What you will do:
Give the data below again exactly, and drop each picture from it.

Raw data:
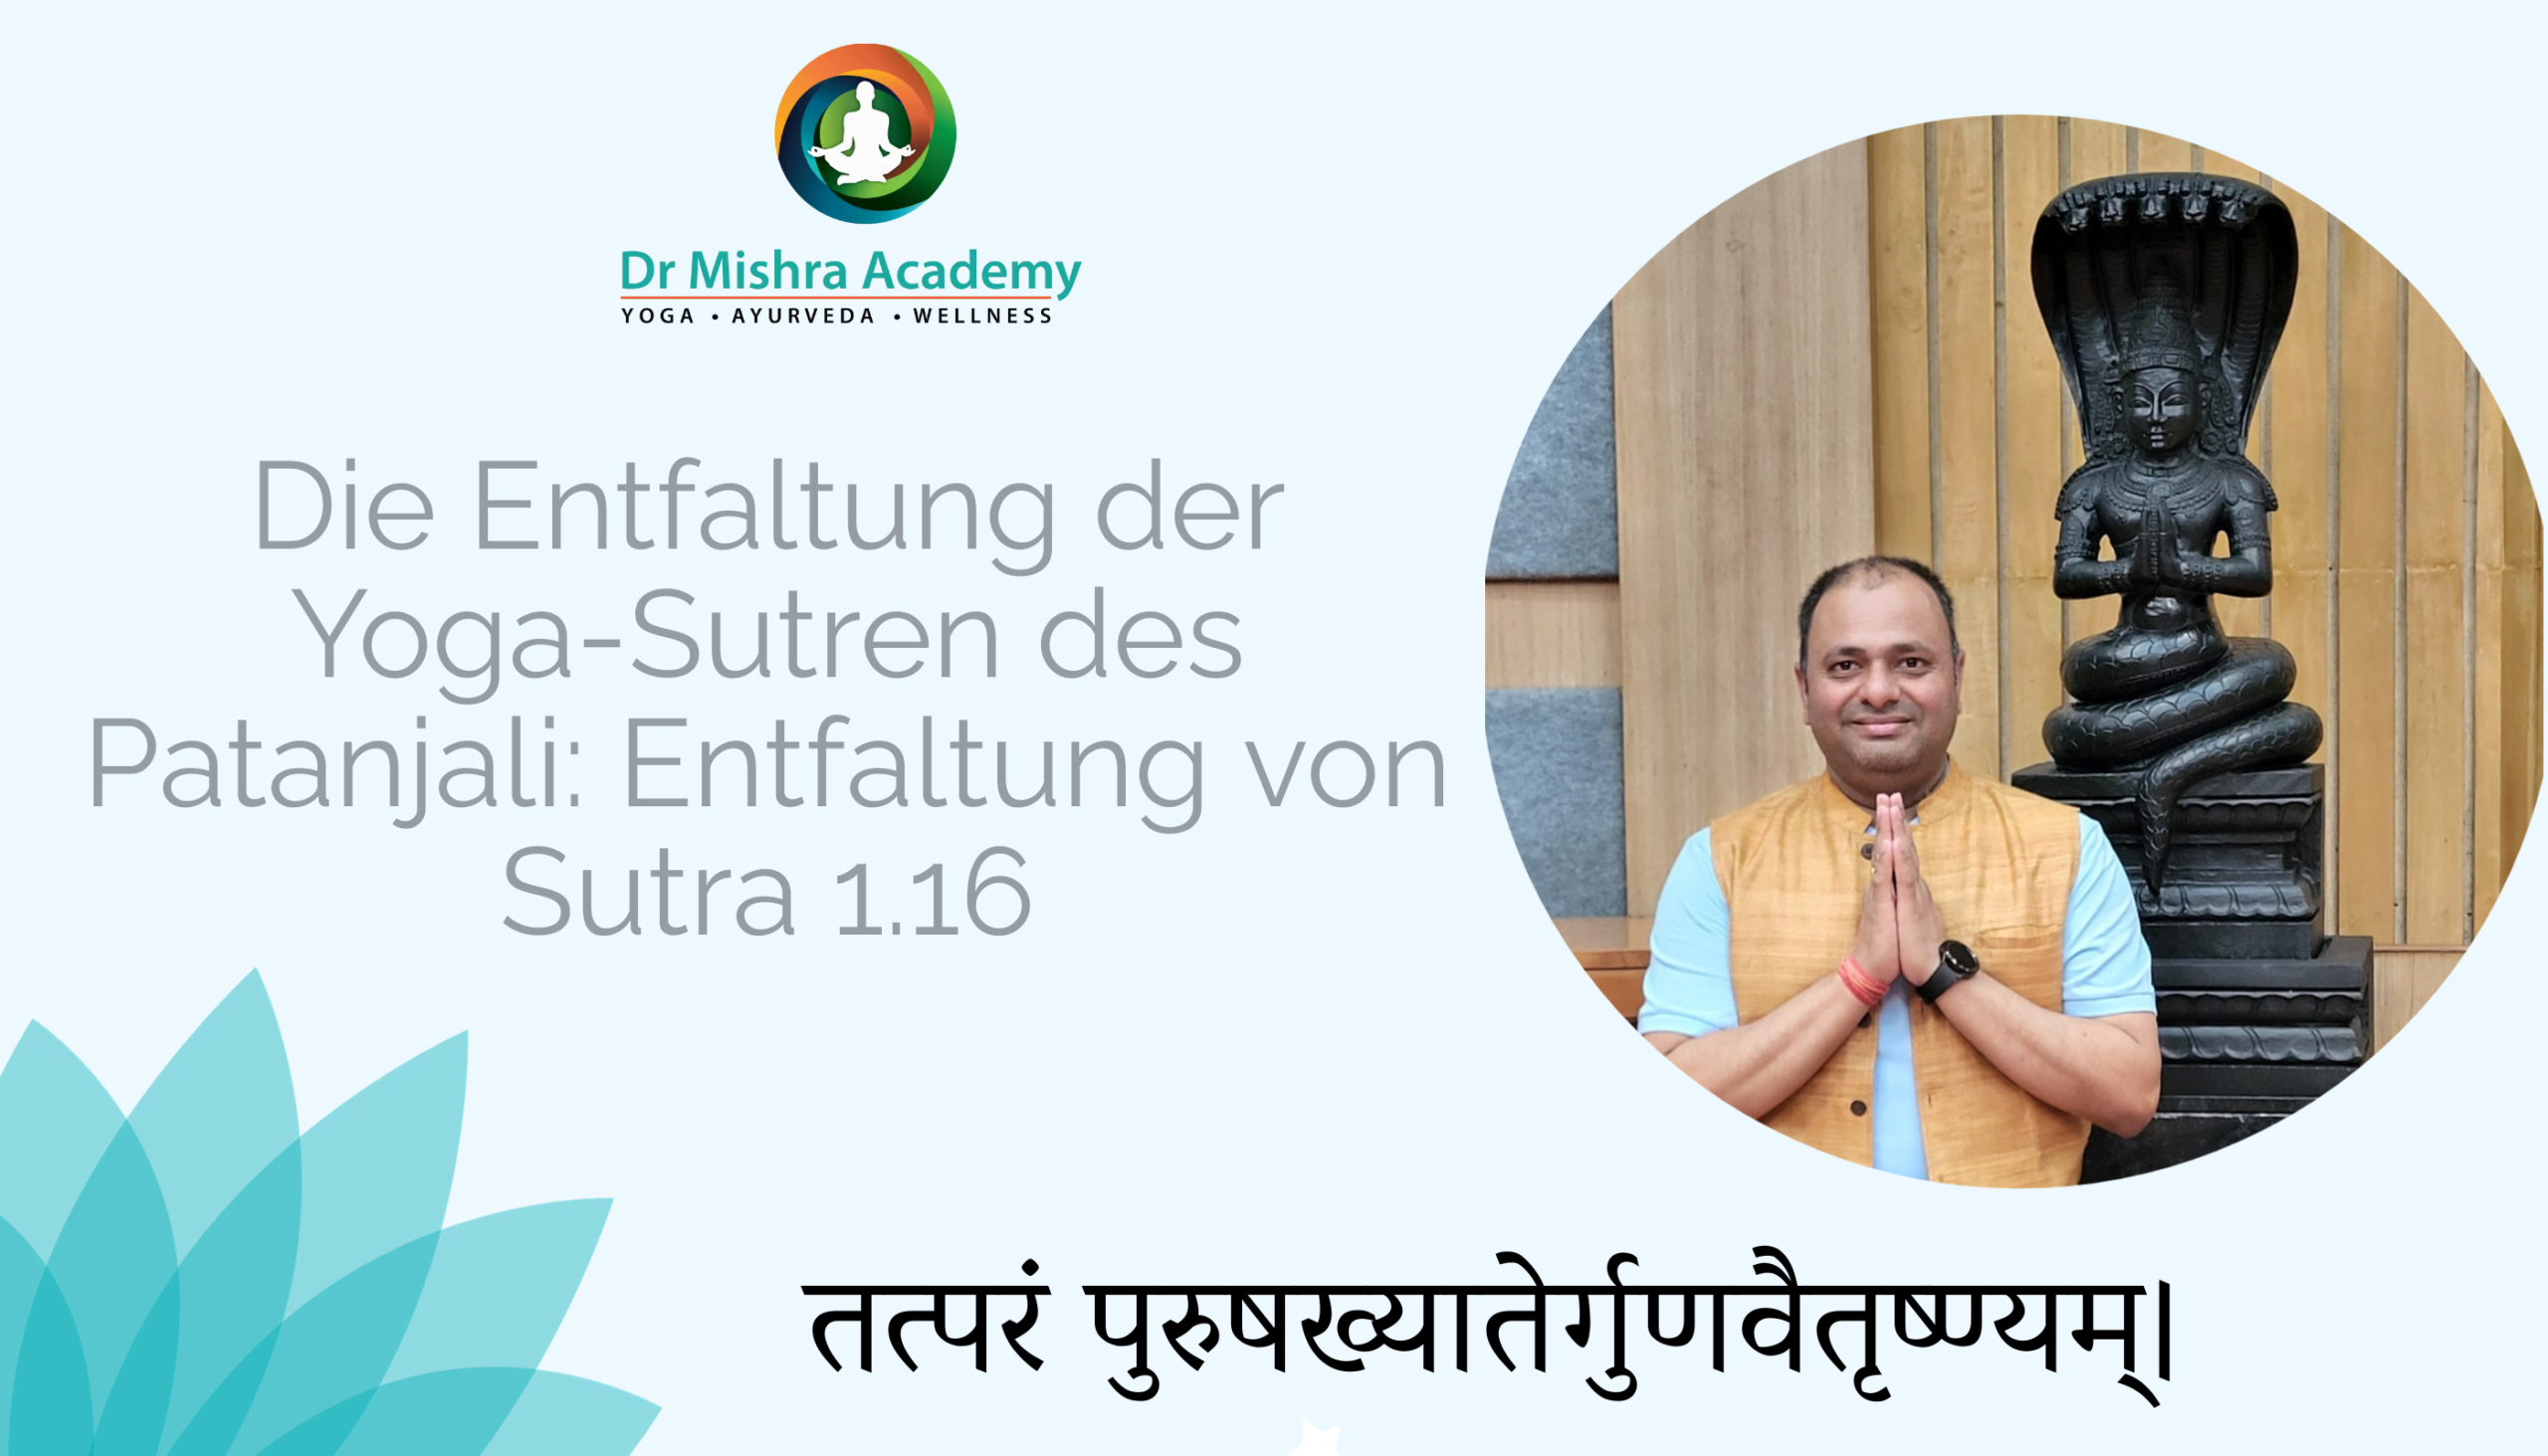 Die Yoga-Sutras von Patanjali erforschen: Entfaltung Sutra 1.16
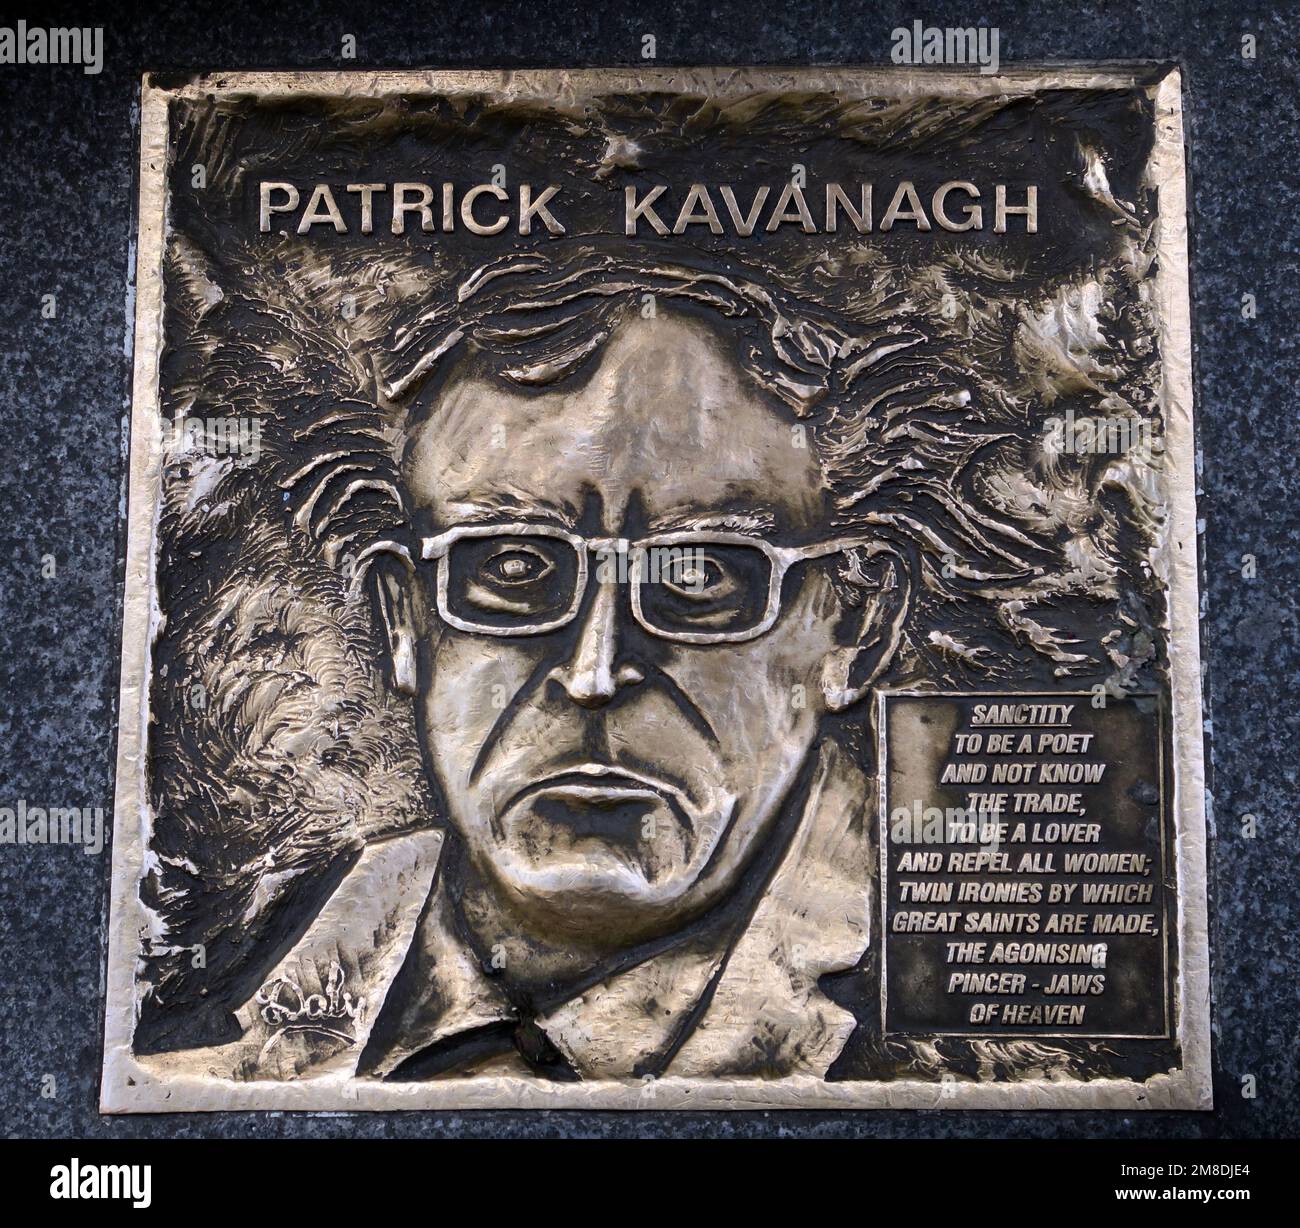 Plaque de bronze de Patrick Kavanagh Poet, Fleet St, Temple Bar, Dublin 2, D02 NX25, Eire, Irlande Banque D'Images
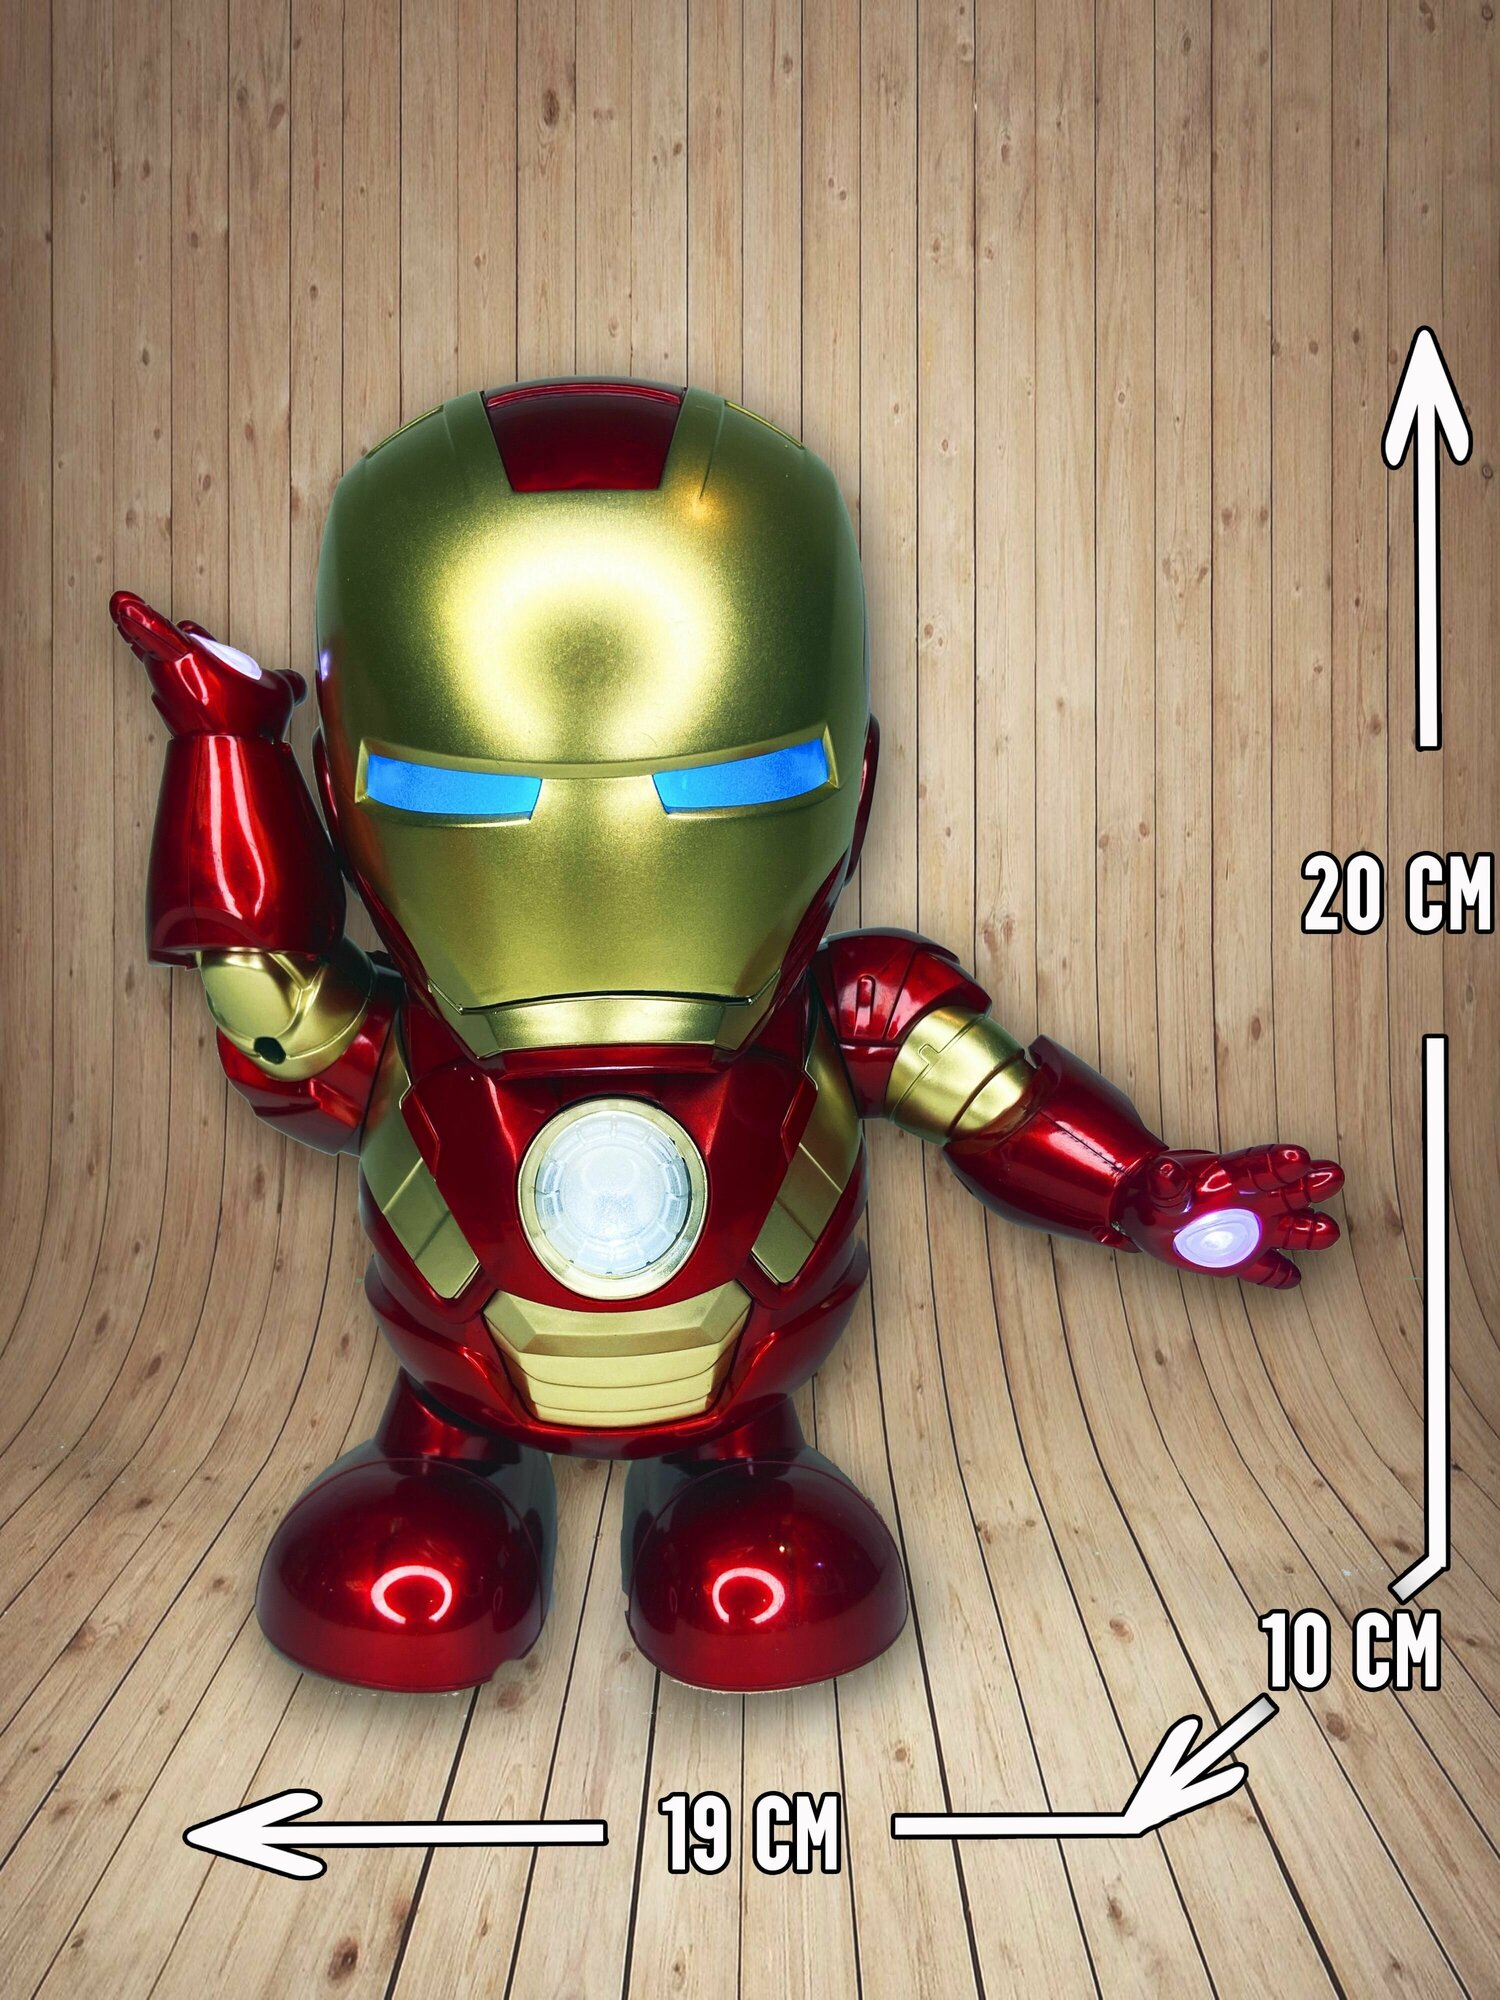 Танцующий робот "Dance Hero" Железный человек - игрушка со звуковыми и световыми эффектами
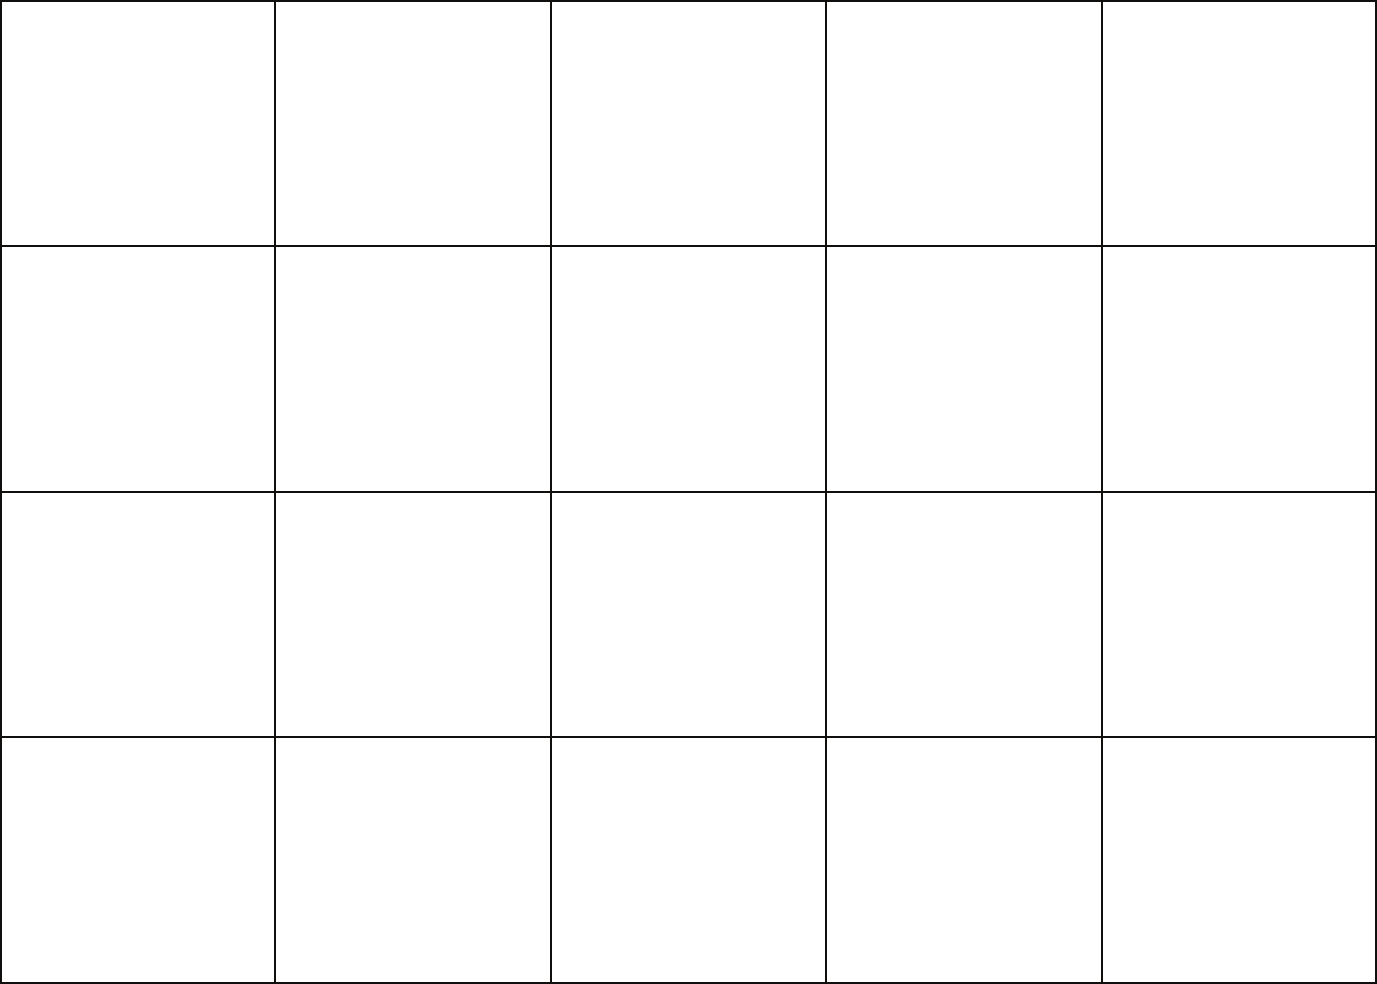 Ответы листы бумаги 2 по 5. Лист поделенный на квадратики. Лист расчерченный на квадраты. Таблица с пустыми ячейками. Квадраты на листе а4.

Your solution:
 Die Yoga-Sutras von Patanjali erforschen: Entfaltung Sutra 1.16
 Plaque de bronze de Patrick Kavanagh Poet, Fleet St, Temple Bar, Dublin 2, D02 NX25, Eire, Irlande Banque D'Images
 Танцующий робот "Dance Hero" Железный человек - игрушка со звуковыми и световыми эффектами
 Ответы листы бумаги 2 по 5. Лист поделенный на квадратики. Лист расчерченный на квадраты. Таблица с пустыми ячейками. Квадраты на листе а4.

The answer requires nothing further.